Q. I'm scheduled to deliver my baby in January, 2014, soon after the new health reform law goes into full effect. Anything I should know about?
A. You couldn't have timed it better. For one thing, the Affordable Care Act requires all new individual health plans to cover maternity and newborn care starting Jan. 1, 2014. That's a huge step forward for women in most states, where right now it can be next to impossible (or in some cases completely impossible) to purchase an individual plan that covers maternity care. (Which, by the way, could run you up to $10,000 for an uncomplicated pregnancy and vaginal delivery, and more if you have any complications or need a Cesarean section.)
If your existing plan doesn't currently cover pregnancy, it won't have to add maternity coverage until it comes up for renewal. So if that occurs any time after your due date you'll be out of luck. But you can easily fix that by purchasing a new policy on your state's new Marketplace during this fall's open enrollment period, which begins Oct. 1.The new plan will automatically include maternity and newborn coverage, and it will kick in on Jan. 1, 2014, which is the date you can cancel your prior coverage. Don't forget to add your newborn to your plan promptly.
Another advantage of switching to a new Marketplace plan is that, depending on your household income, you may be eligible for a new kind of tax credit that you can use right away to help with your insurance premium. Here's more information about how these Marketplaces will work.

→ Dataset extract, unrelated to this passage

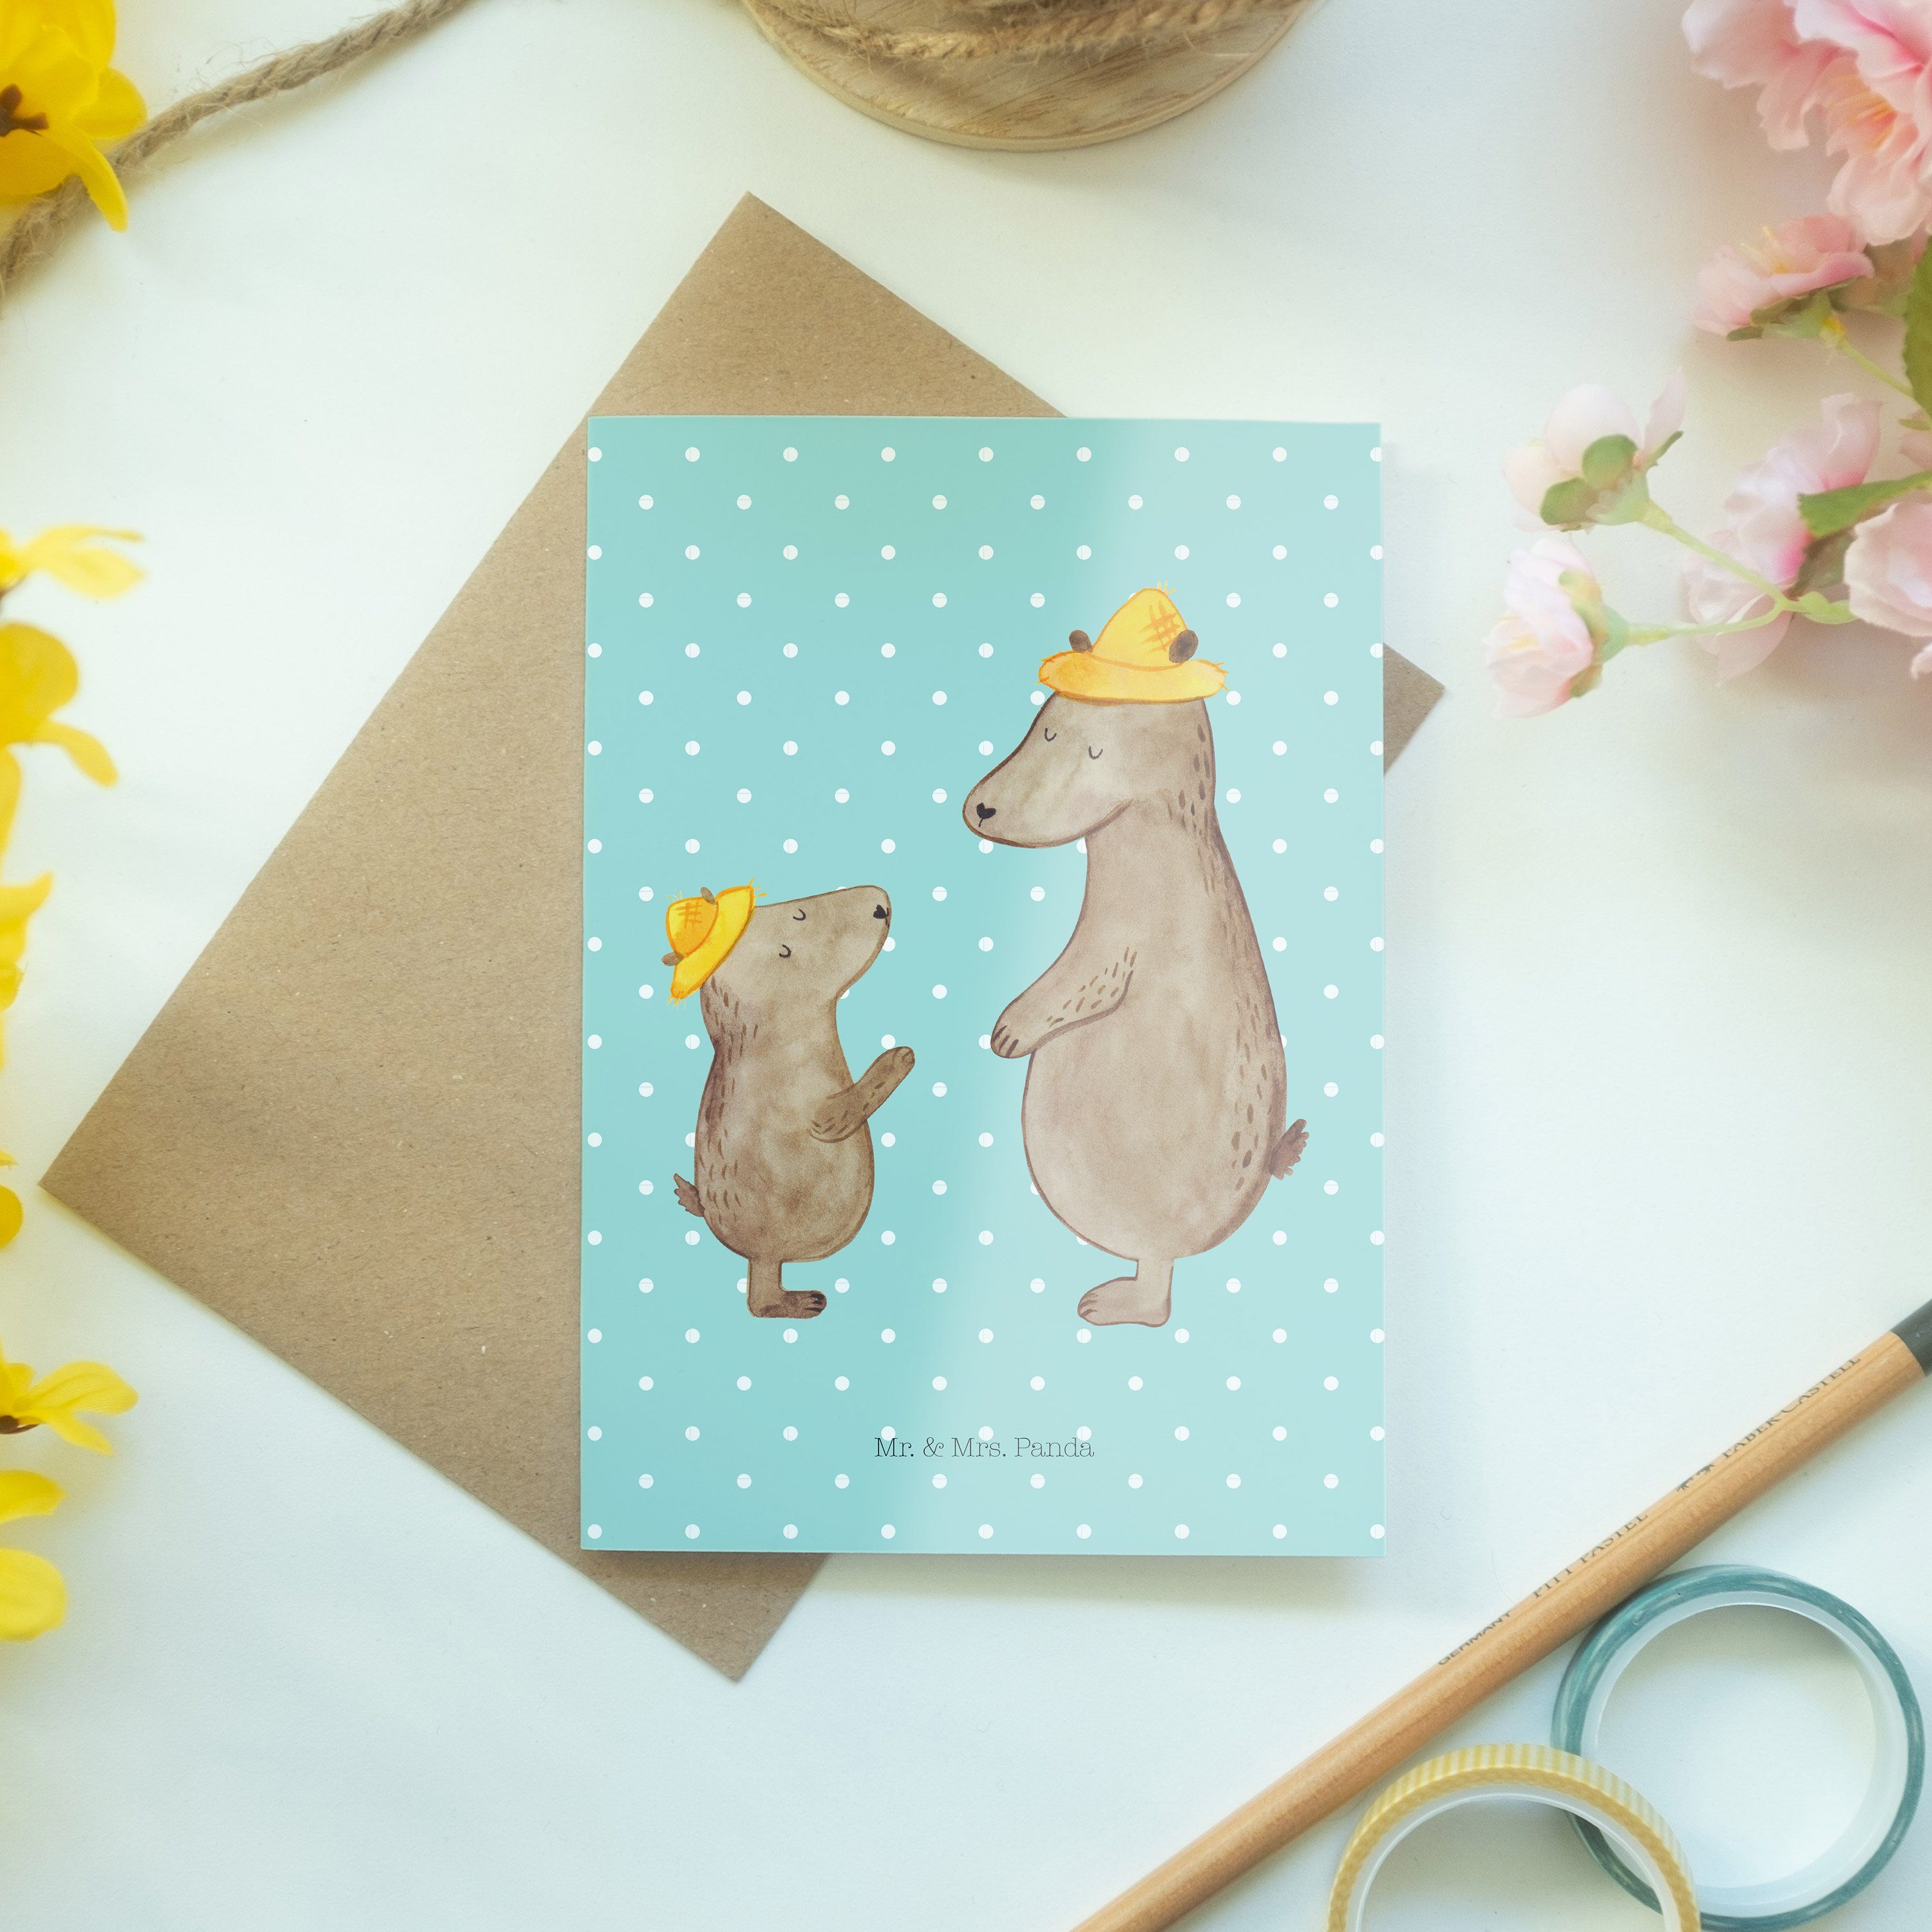 Mr. & Mrs. Panda Türkis Hut - Hochzeitskarte, Bären Pastell Papi, - Grußkarte Kart Geschenk, mit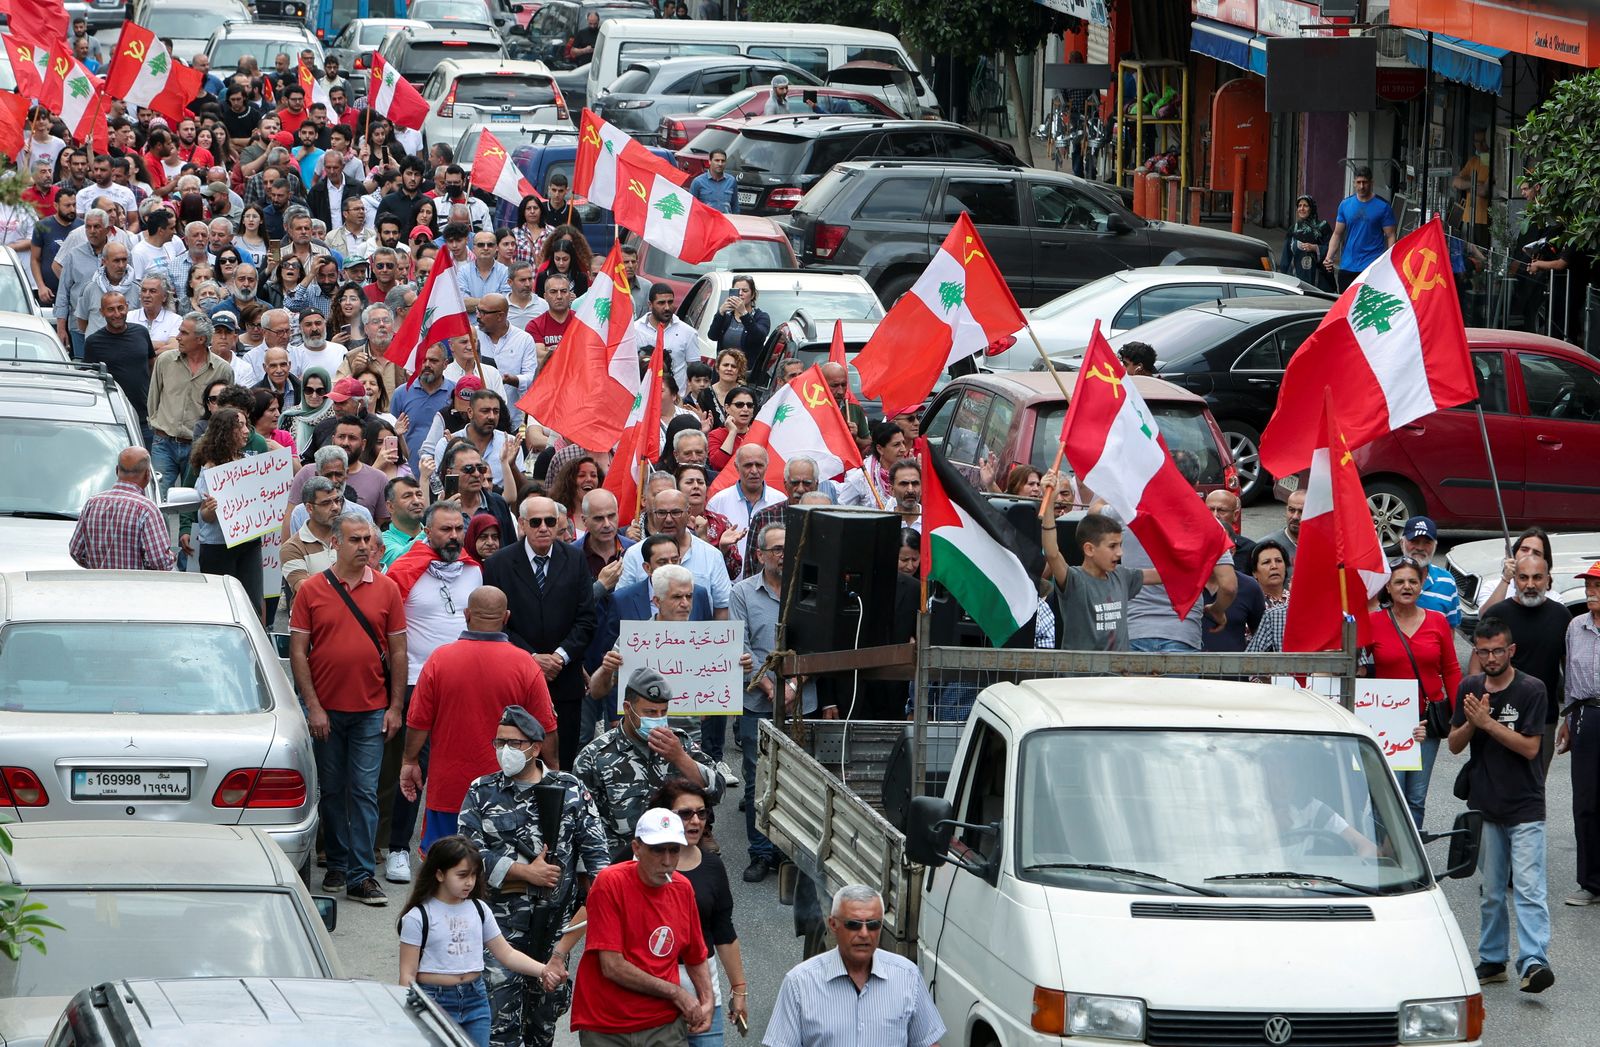 أشخاص يرفعون الأعلام واللافتات أثناء مسيرة خلال مظاهرة للاحتفال بعيد العمال في مدينة النبطية جنوبي لبنان. 1 مايو 2022 - REUTERS

See our coverage of Babies & Kids
as well as our guide to health insurance
Once the baby has arrived, your new plan will also cover a bunch of related services at no cost to you beyond your basic premium, again courtesy of Obamacare. These include well-woman visits, screening and counseling for various sexually transmitted diseases, the contraception of your choice, breastfeeding counseling and support, including nursing bras and the rental of a breast pump if you need one.